**COLLECTED MATERIAL:**

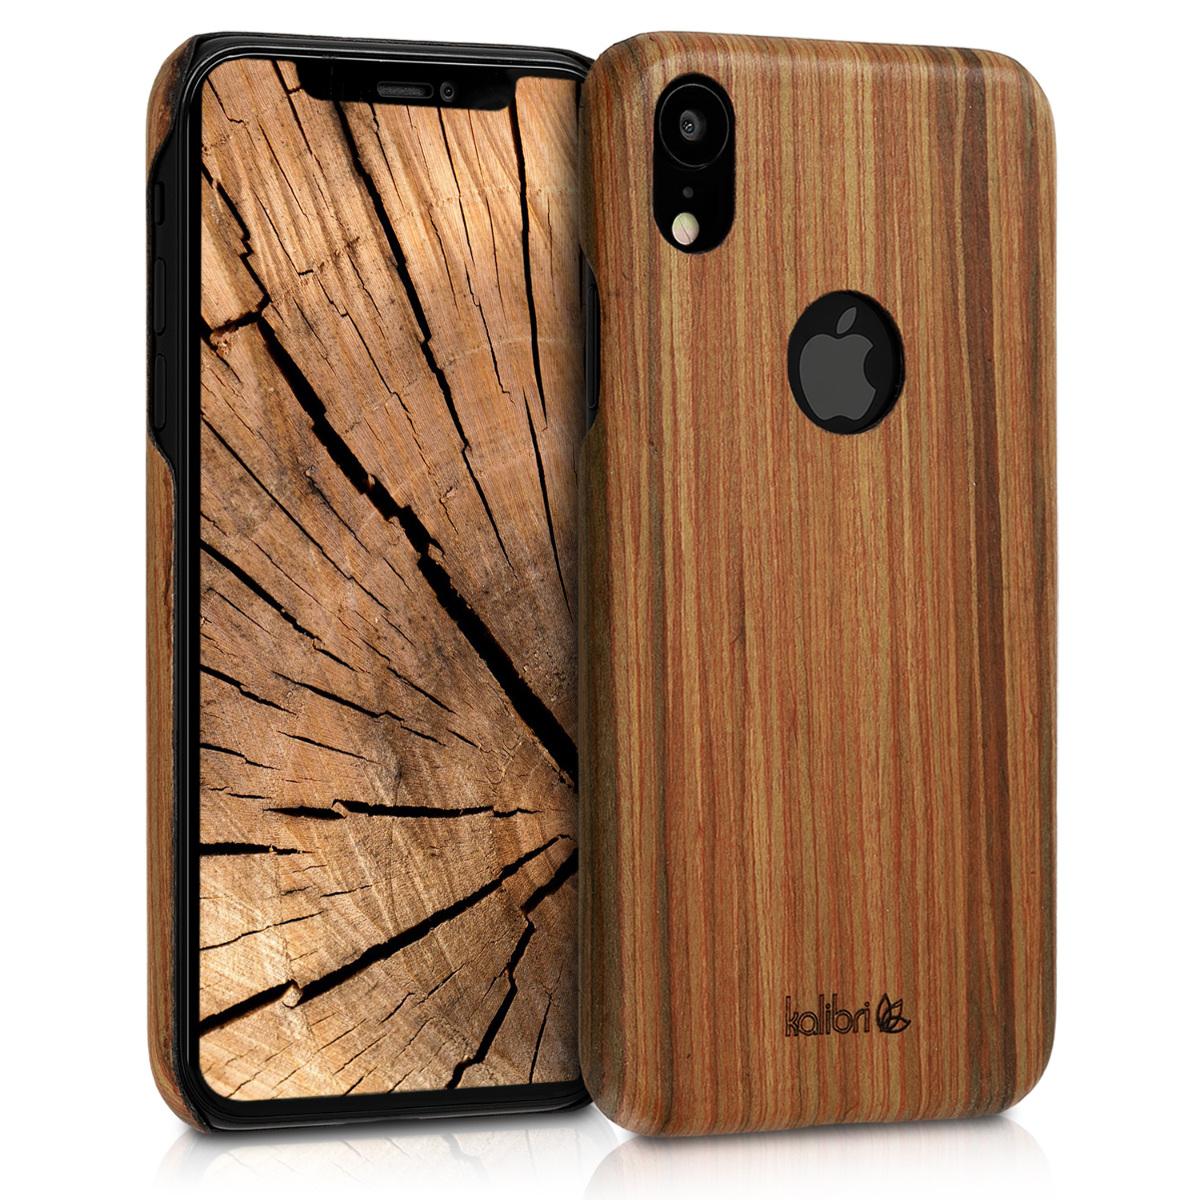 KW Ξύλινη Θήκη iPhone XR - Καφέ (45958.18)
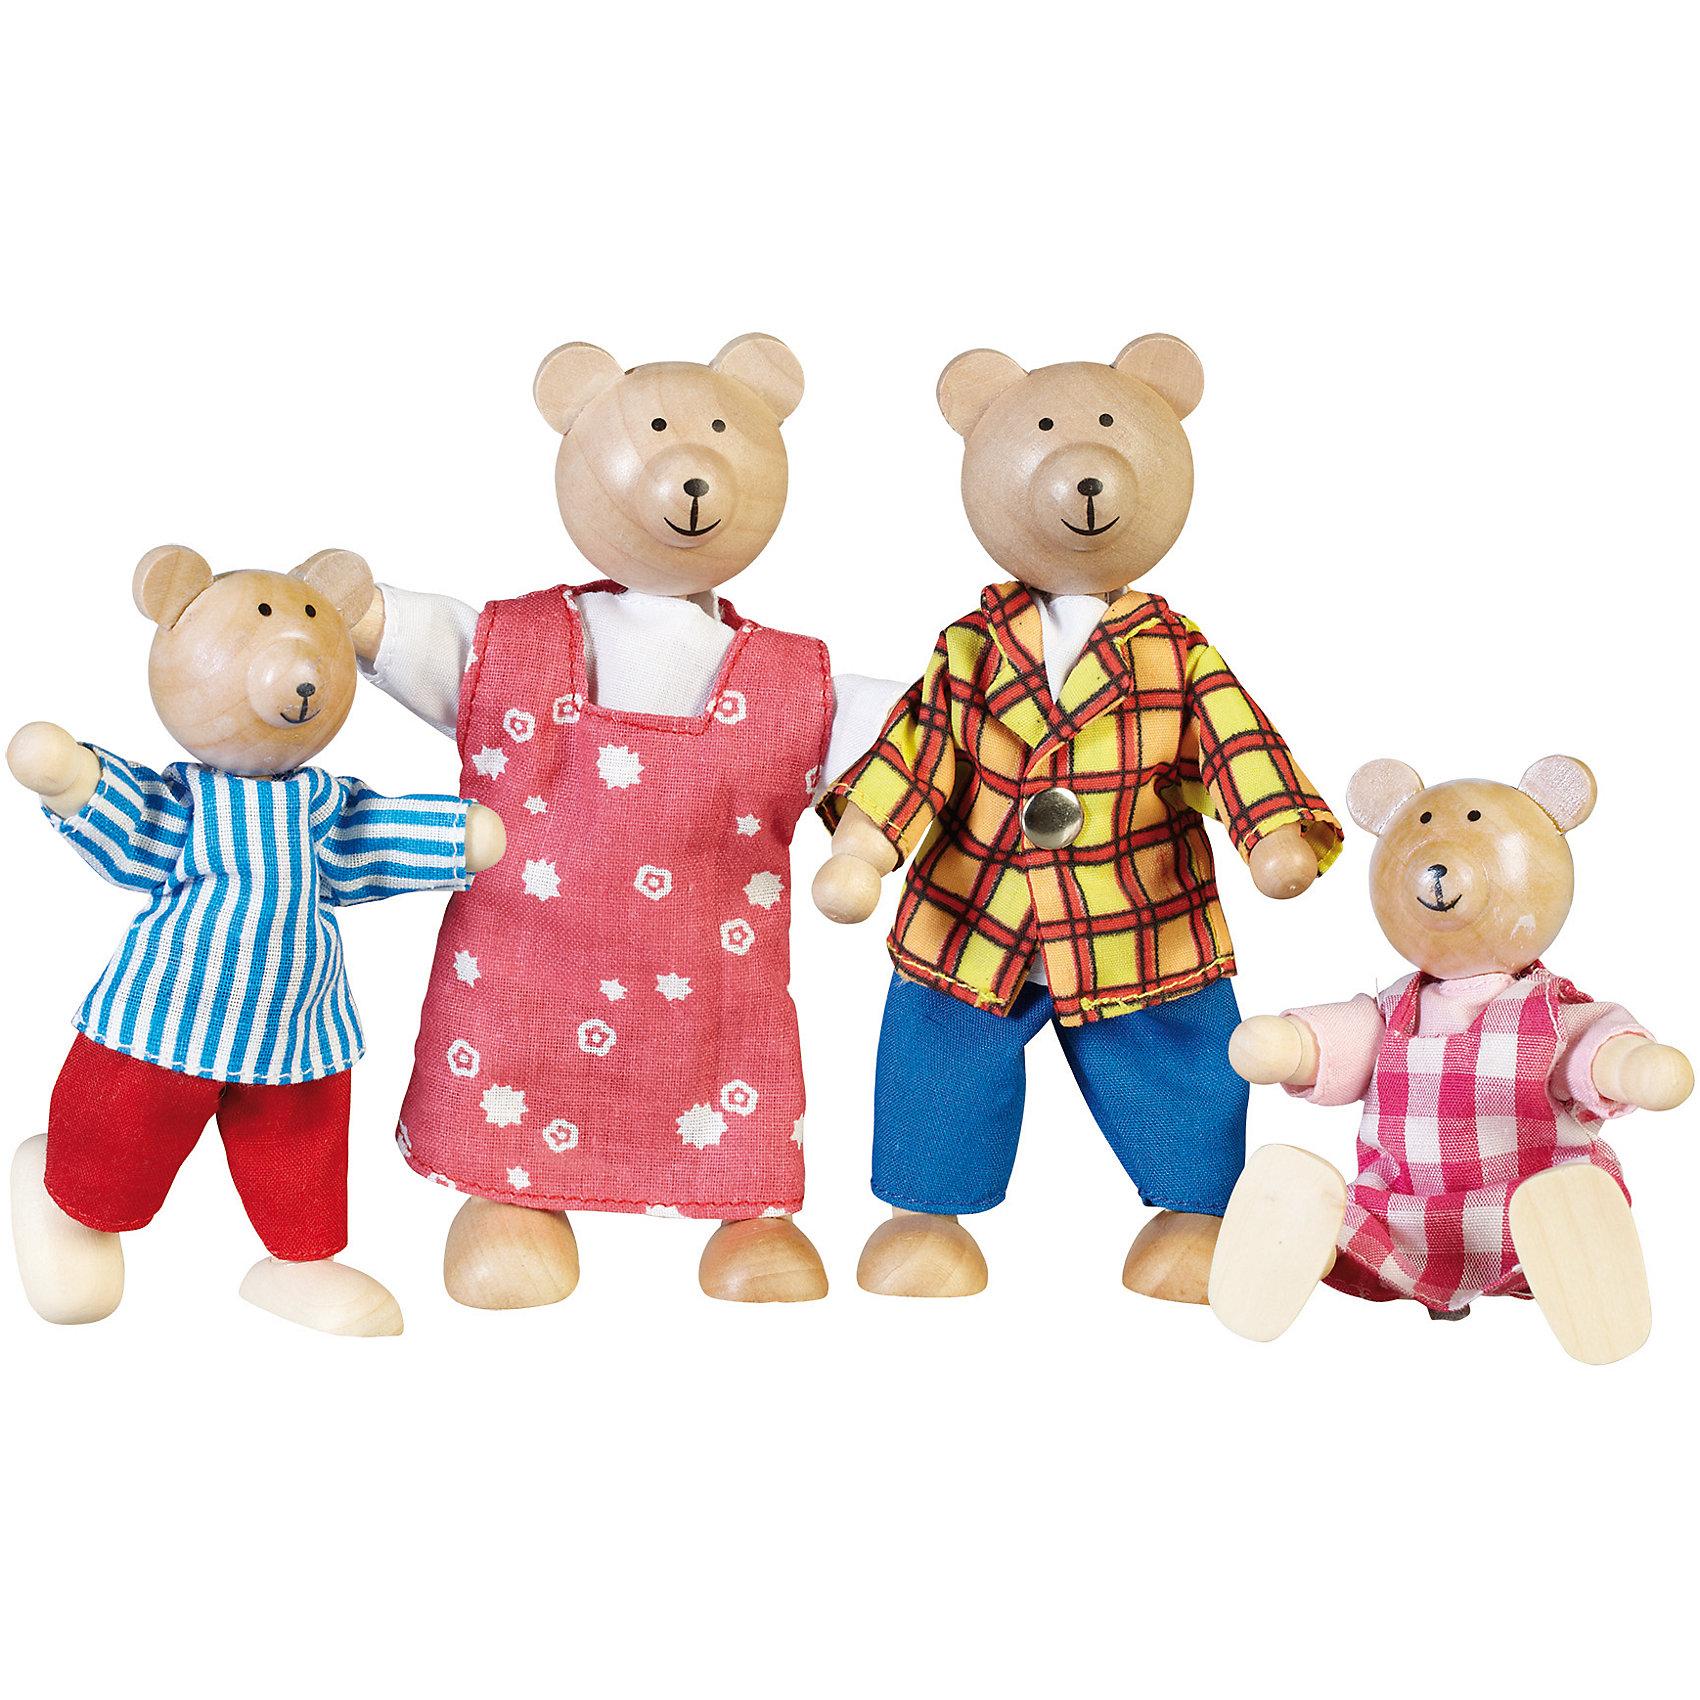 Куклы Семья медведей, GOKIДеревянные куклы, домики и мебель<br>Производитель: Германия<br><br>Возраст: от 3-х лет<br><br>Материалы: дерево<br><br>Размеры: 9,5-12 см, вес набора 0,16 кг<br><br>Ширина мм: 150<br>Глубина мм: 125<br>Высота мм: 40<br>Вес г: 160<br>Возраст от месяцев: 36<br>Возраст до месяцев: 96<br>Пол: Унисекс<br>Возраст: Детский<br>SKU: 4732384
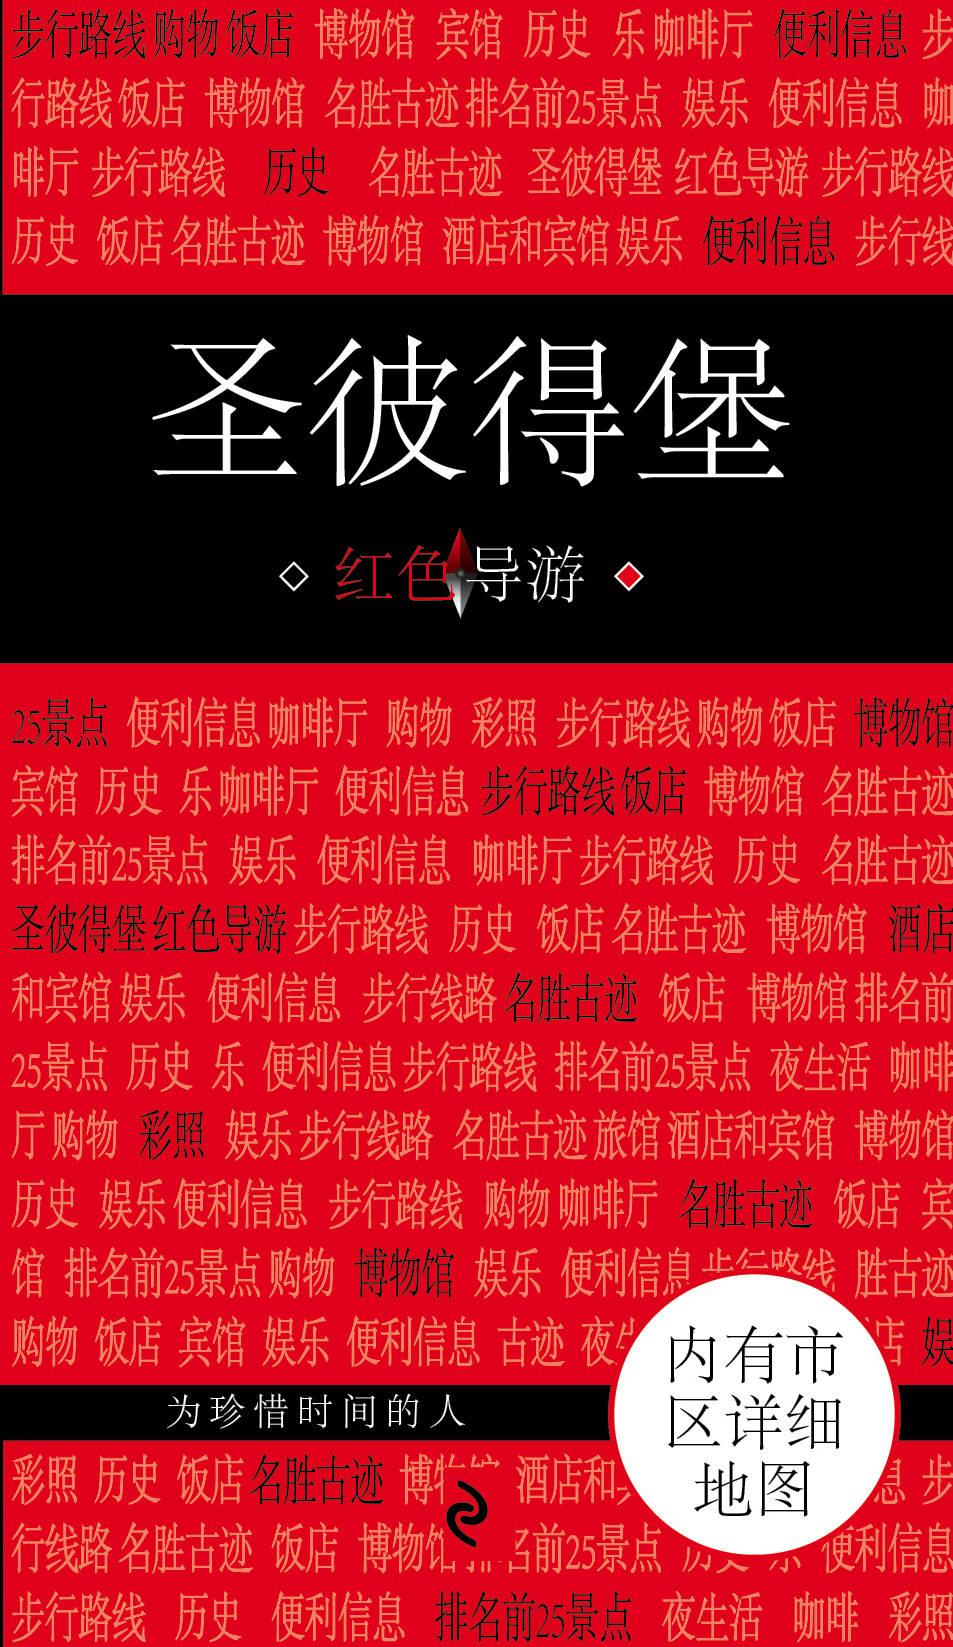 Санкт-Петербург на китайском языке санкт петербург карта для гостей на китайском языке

**EXERCISE GOAL:** Print out the whole of the material word for word, without pictures.

**YOUR RESPONSE:**
 KW Ξύλινη Θήκη iPhone XR - Καφέ (45958.18)
 Куклы Семья медведей, GOKIДеревянные куклы, домики и мебель<br>Производитель: Германия<br><br>Возраст: от 3-х лет<br><br>Материалы: дерево<br><br>Размеры: 9,5-12 см, вес набора 0,16 кг<br><br>Ширина мм: 150<br>Глубина мм: 125<br>Высота мм: 40<br>Вес г: 160<br>Возраст от месяцев: 36<br>Возраст до месяцев: 96<br>Пол: Унисекс<br>Возраст: Детский<br>SKU: 4732384
 Санкт-Петербург на китайском языке санкт петербург карта для гостей на китайском языке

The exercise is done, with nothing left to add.